I keep hearing of those hallyhoo’d films that run 2.5+ hours. That’s stuff I’d only watch at home, where I can break it into two viewing sessions.
But I think most of us don’t see much of a difference between these art films and some of the stuff that’s made directly for streaming. So why should I be expected to leave the house and sit with other loud people for stuff that does not need to be seen on the big screen?
by Anonymous | reply 47 | November 21, 2022 6:48 PM |
Terrible idea, but if they had campy versions of all the stars involved, I'd probably be sold. Just something fun and flashy.
It's show business, not NPR...
But I'll stream it for free for sure.
by Anonymous | reply 48 | November 21, 2022 7:03 PM |
R44, I didn’t know Samantha Morton was in it! I fucking love her. She’s apparently batshit crazy IRL, but I think she’s an excellent and underrated actress.
by Anonymous | reply 49 | November 22, 2022 12:54 AM |
Samantha Morton is Excellent. Everyone in the cast is. And the director did a great job making phone scenes and interview scenes that could have been boring or redundant compelling.
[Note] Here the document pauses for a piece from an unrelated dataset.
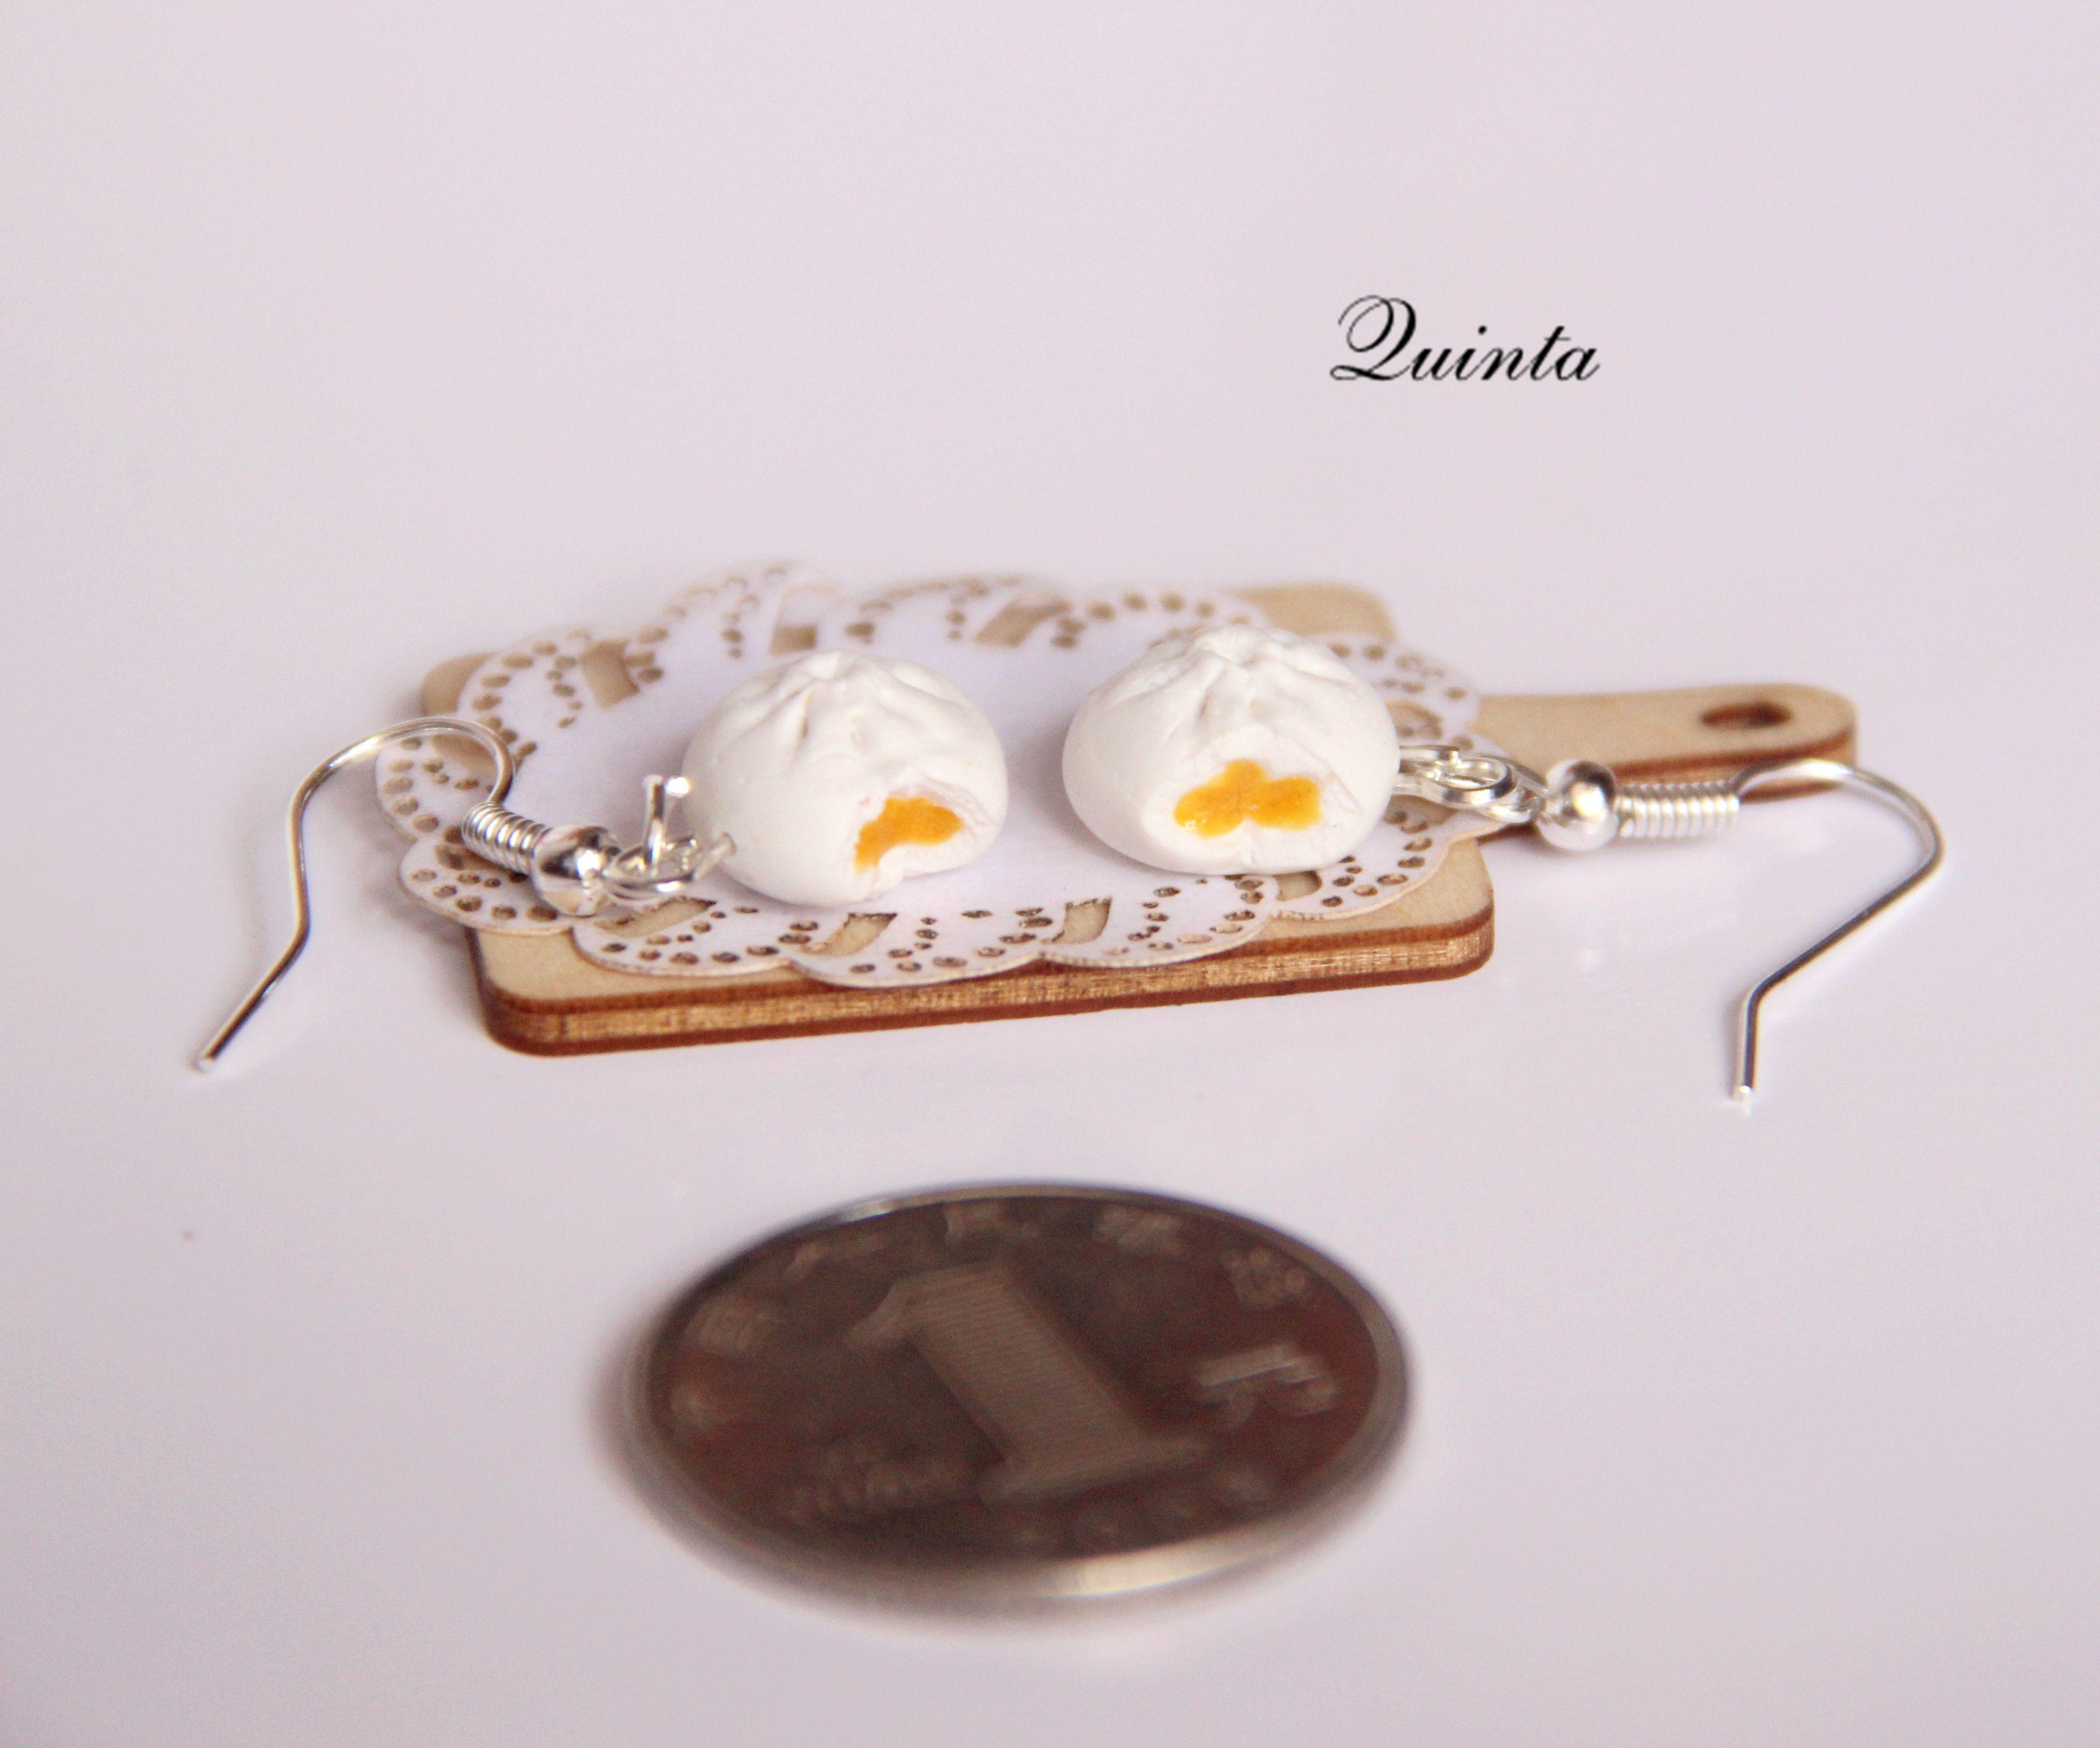 Quinta原创手作叉烧包金沙包耳环耳钉925银饰仿真食物饰品

Well done.
by Anonymous | reply 50 | November 22, 2022 3:03 AM |
Can't say I'm surprised when I see the stills they always chose to talk about this film. 2 serious faced women on the phone is hardly enticing.
by Anonymous | reply 51 | November 23, 2022 4:25 PM |
Don't wanna see preachy films about a pay to play scheme made by people who are complicit and benefited from it.
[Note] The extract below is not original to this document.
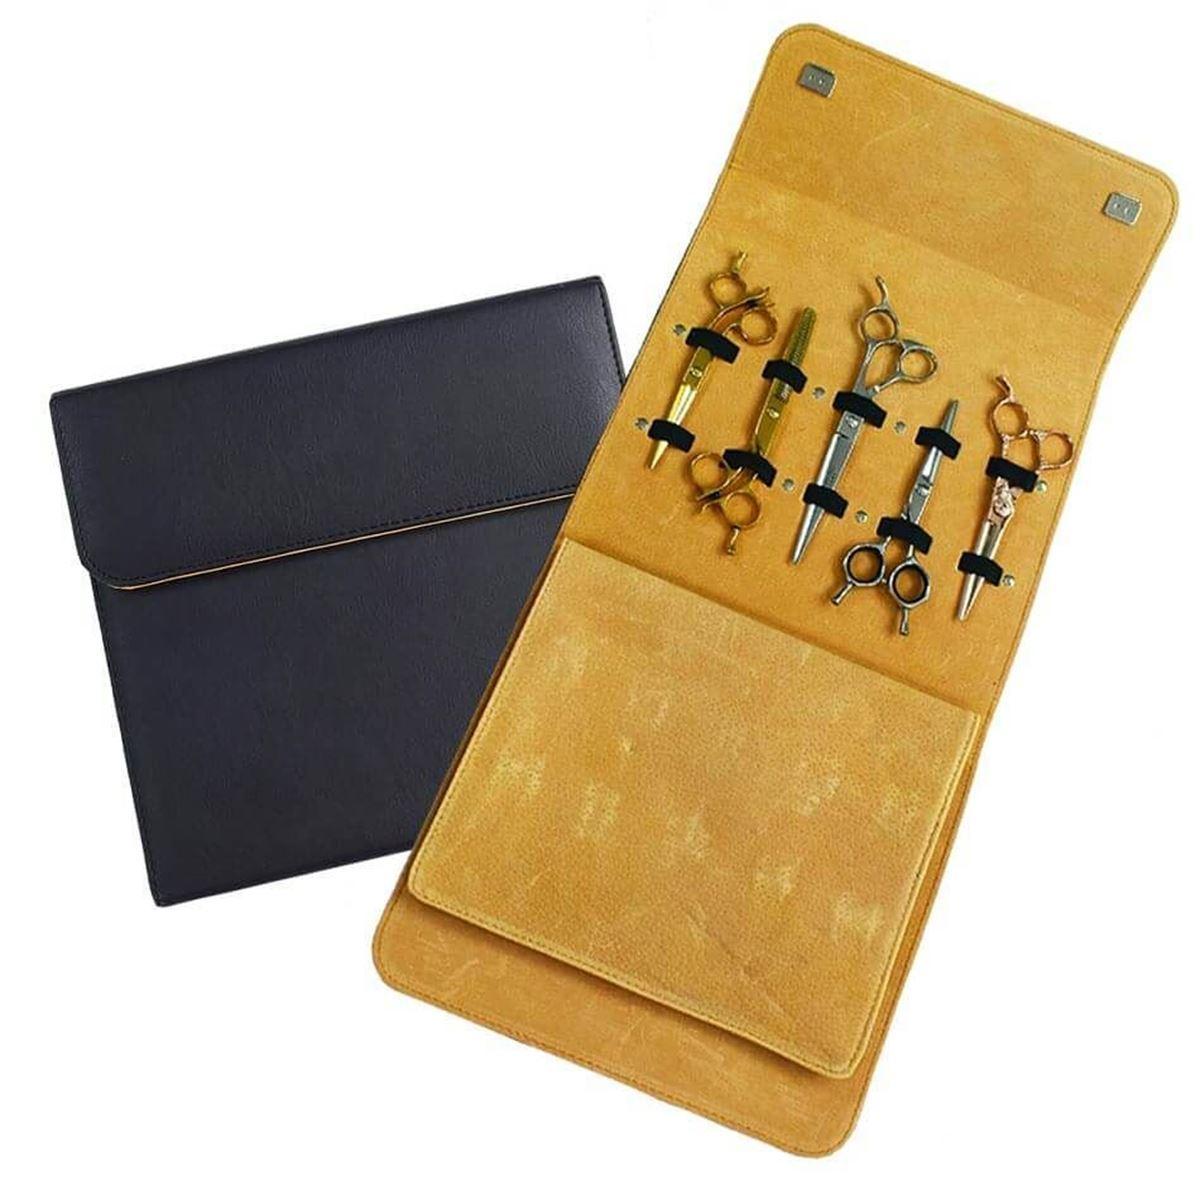 Picture of Matakki Leather Scissor Case Holds 10 pcs

by Anonymous | reply 52 | November 23, 2022 5:30 PM |
That includes that ridiculous narrative concerning MeAgain Kkkelly.
They did everything to get that career, including all the things reasonable people WOULD NOT DO and now want to reconstruct the narrative as abuse.
No.
by Anonymous | reply 53 | November 23, 2022 5:51 PM |
The box office for this makes Bros look like Independence Day.
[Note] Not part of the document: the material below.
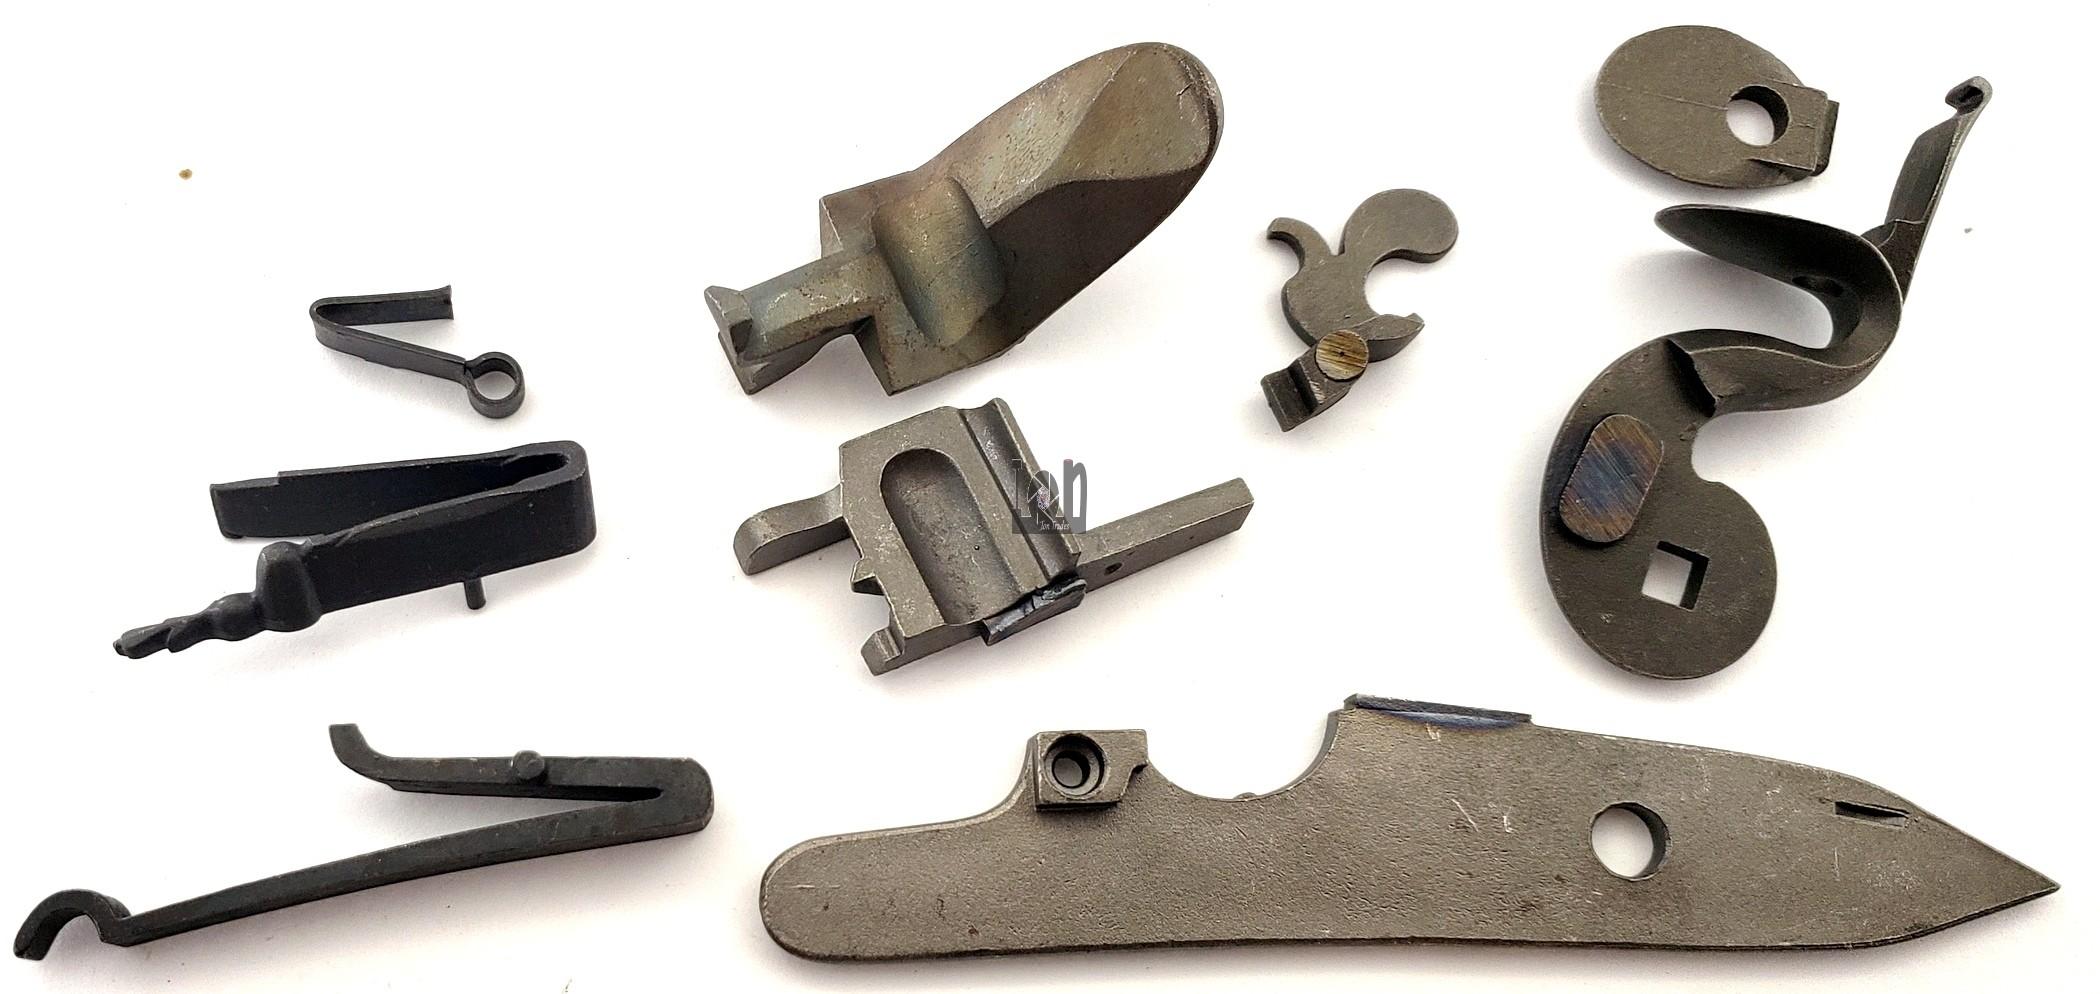 Siler Style Flintlock Flint Lock Kit Muzzloader Pieces and Parts Lot

by Anonymous | reply 54 | November 23, 2022 6:24 PM |
Carey Mulligan and Zoe Kazan together don't add up to one full human being. It's like casting your film with invisible ink. Mulligan is like a glass of curdled milk, and Kazan is every bad habit of Geraldine Page without a central nervous system attached.
Cannot imagine how this flopped.
by Anonymous | reply 55 | November 23, 2022 6:53 PM |
Who said what now?
by Anonymous | reply 56 | November 23, 2022 7:04 PM |
I can never get into journalism movies for some reason. And the story itself is just not very interesting, just skeezy.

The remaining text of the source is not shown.